How to Create an Effectively Engineered Product
Jan 12, 2022
What is a Great AI product?
A good product is more than just functional; it is also usable, understandable, aesthetically pleasing, and useful in the long run. Building such a product is a complex process that requires a deep understanding of the underlying technology, user needs, and the unique challenges of the particular platform.
In the realm of AI-based products, the process is even more complex. The technology is constantly evolving, and staying up-to-date with the latest developments is critical. Additionally, AI-based products typically require large amounts of data to train the model, which can be challenging to obtain and process. Finally, designing a user-friendly interface for an AI-based product can be difficult, as users may not understand the underlying technology and may be hesitant to trust the product's recommendations.
But what does it take to build a good product?
How to build great products?
Experience is a critical factor in building a successful product. Someone who has spent 10,000+ hours building products is a strong indication that they can build a usable product. Our founder has built several AI products, including a multi-lingual Summarizer for Apple/Android and multiple apps. He has also worked with some of the brightest minds in Artificial Intelligence, such as Qi Lu, Paul Viola, and Joaquin Candela. Qi Lu, Paul Viola, and Joaquin Candela are among the brightest minds in Artificial Intelligence, and they have made significant contributions to the field. Qi Lu has extensive experience in developing and deploying AI-powered products, including Bing and Microsoft Office, while Paul Viola is a pioneer in computer vision and is the co-inventor of the Viola-Jones face detection algorithm and a ex-VP of Amazon Air(the Drone Arm of Amazon). Joaquin Candela, the Director of Applied Machine Learning at Facebook, has made significant contributions to the field of machine learning, particularly in the areas of recommender systems and online advertisements.
What's more, our founder has been creating AI products before it became trendy. His first product was a Stock Predictor based on Pattern Recognition Theory before he even graduated with a Bachelor's degree! He went on to work at Amazon and Microsoft, where he had the opportunity to work on the world's largest datasets in Artificial Intelligence and Machine Learning. This experience has been critical in understanding scale and learning from two of the only workplaces in the world with the largest data available.
Along with experience, it's important to have the ability to finish a product on multiple platforms, system and AI engineering, and the ability to avoid feature creep and bring the product to launch.
Building a product for multiple platforms, such as Apple and Android, is desirable because it allows the product to reach a broader audience. However, this approach can also be difficult to execute. Each platform has its own set of design guidelines, technical requirements, and user expectations, and adapting the product to each platform while maintaining a consistent user experience across all platforms requires careful attention to detail, flexibility, and a willingness to adapt to the unique requirements of each platform.

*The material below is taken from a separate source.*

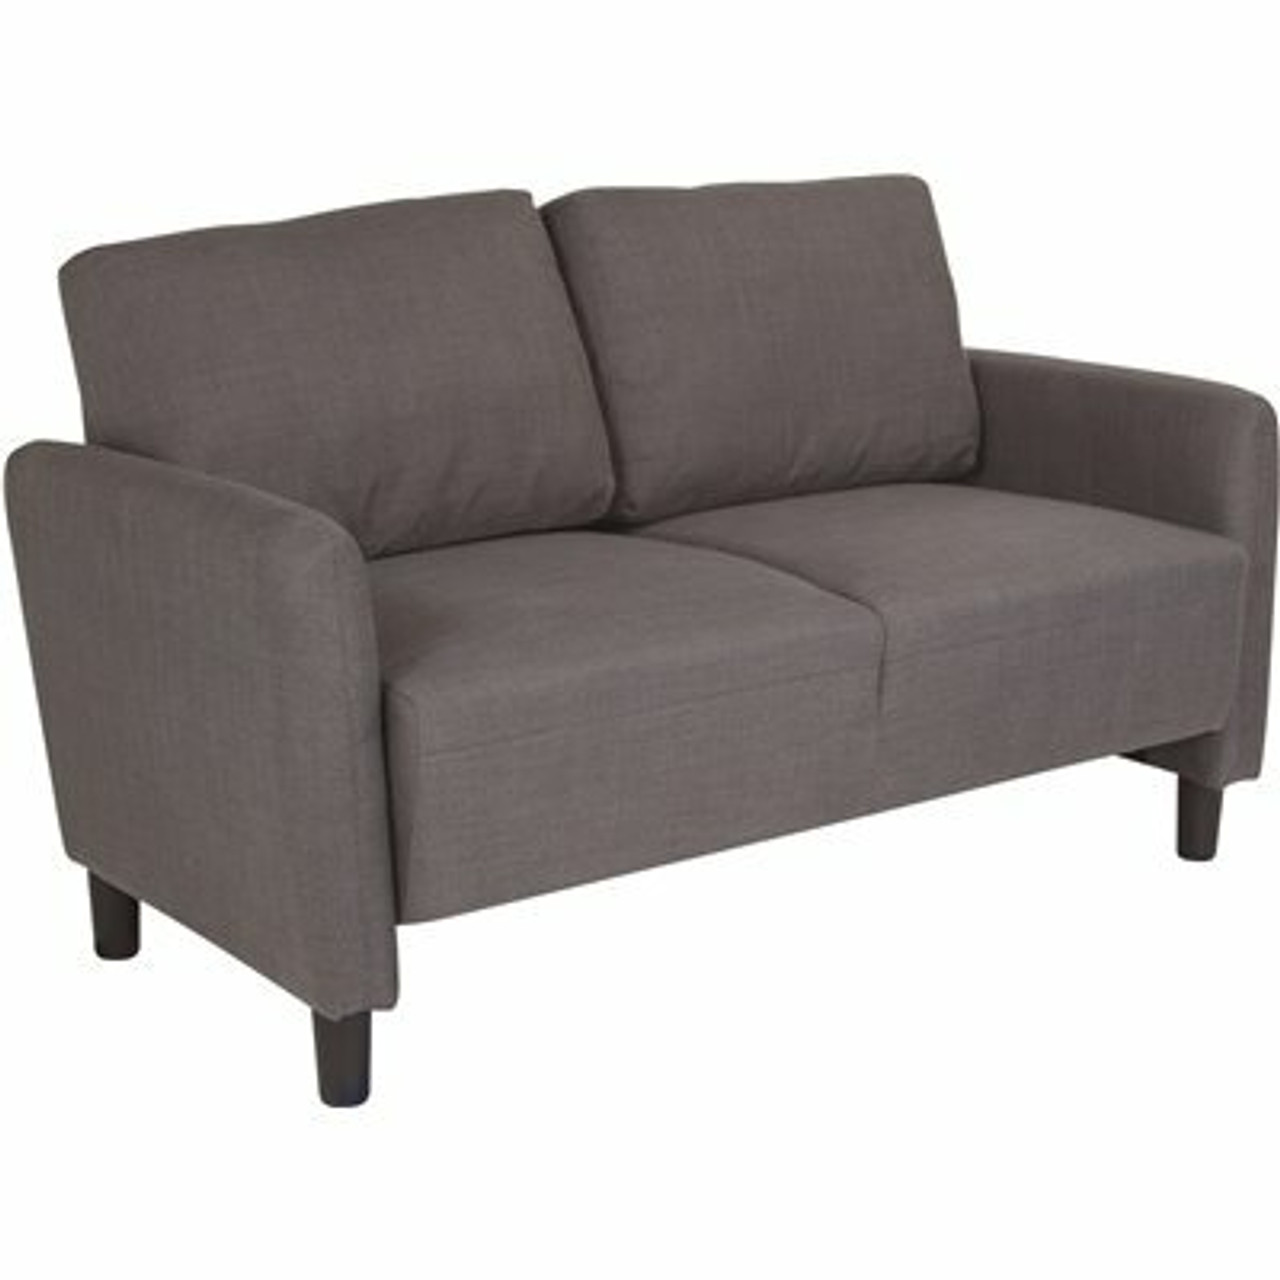 Carnegy Avenue 55.3 In. Dark Gray Cotton 2-Seater Loveseat With Square Arms - 308707477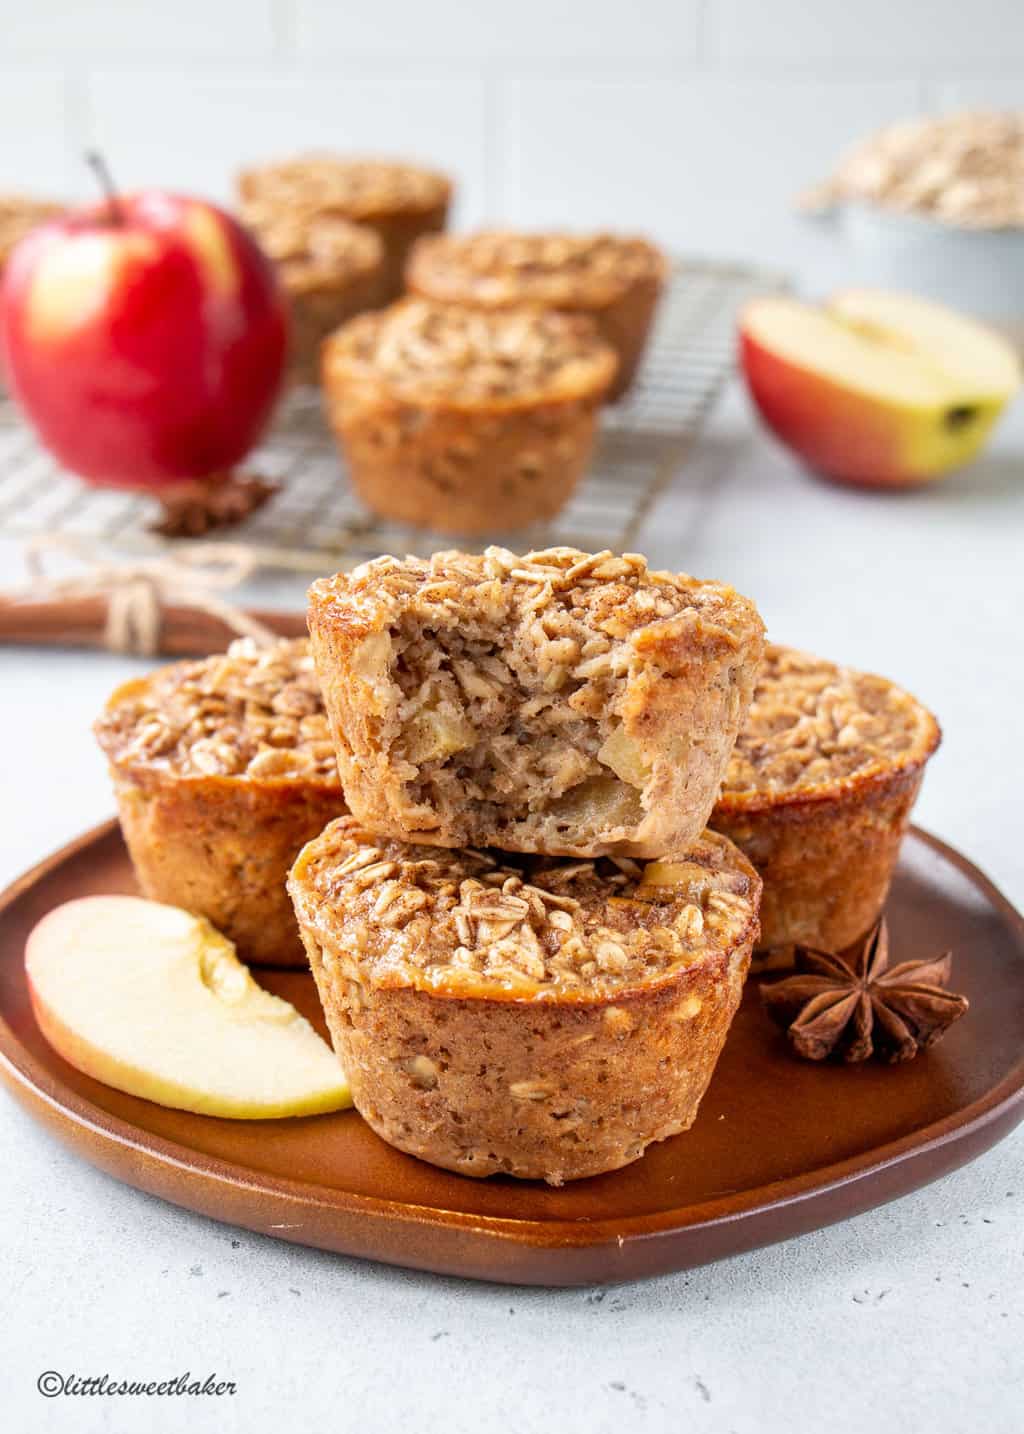 Baked apple oatmeal cups on a plate with a bite taken out of the top one

Overall, building a good product requires a deep understanding of the technology, the user's needs, and the unique challenges of the particular platform. It also requires the expertise of some of the brightest minds in Applied Artificial Intelligence and a willingness to adapt to new developments in the field.
A Growth Mindset
Finally, a growth mindset is crucial in building a successful product. A willingness to learn, adapt, and grow will help overcome challenges and keep the product moving forward. A good product isn't just built in a vacuum; it's a result of a growth mindset, experience, expertise, and a deep understanding of the user's needs and customer focus.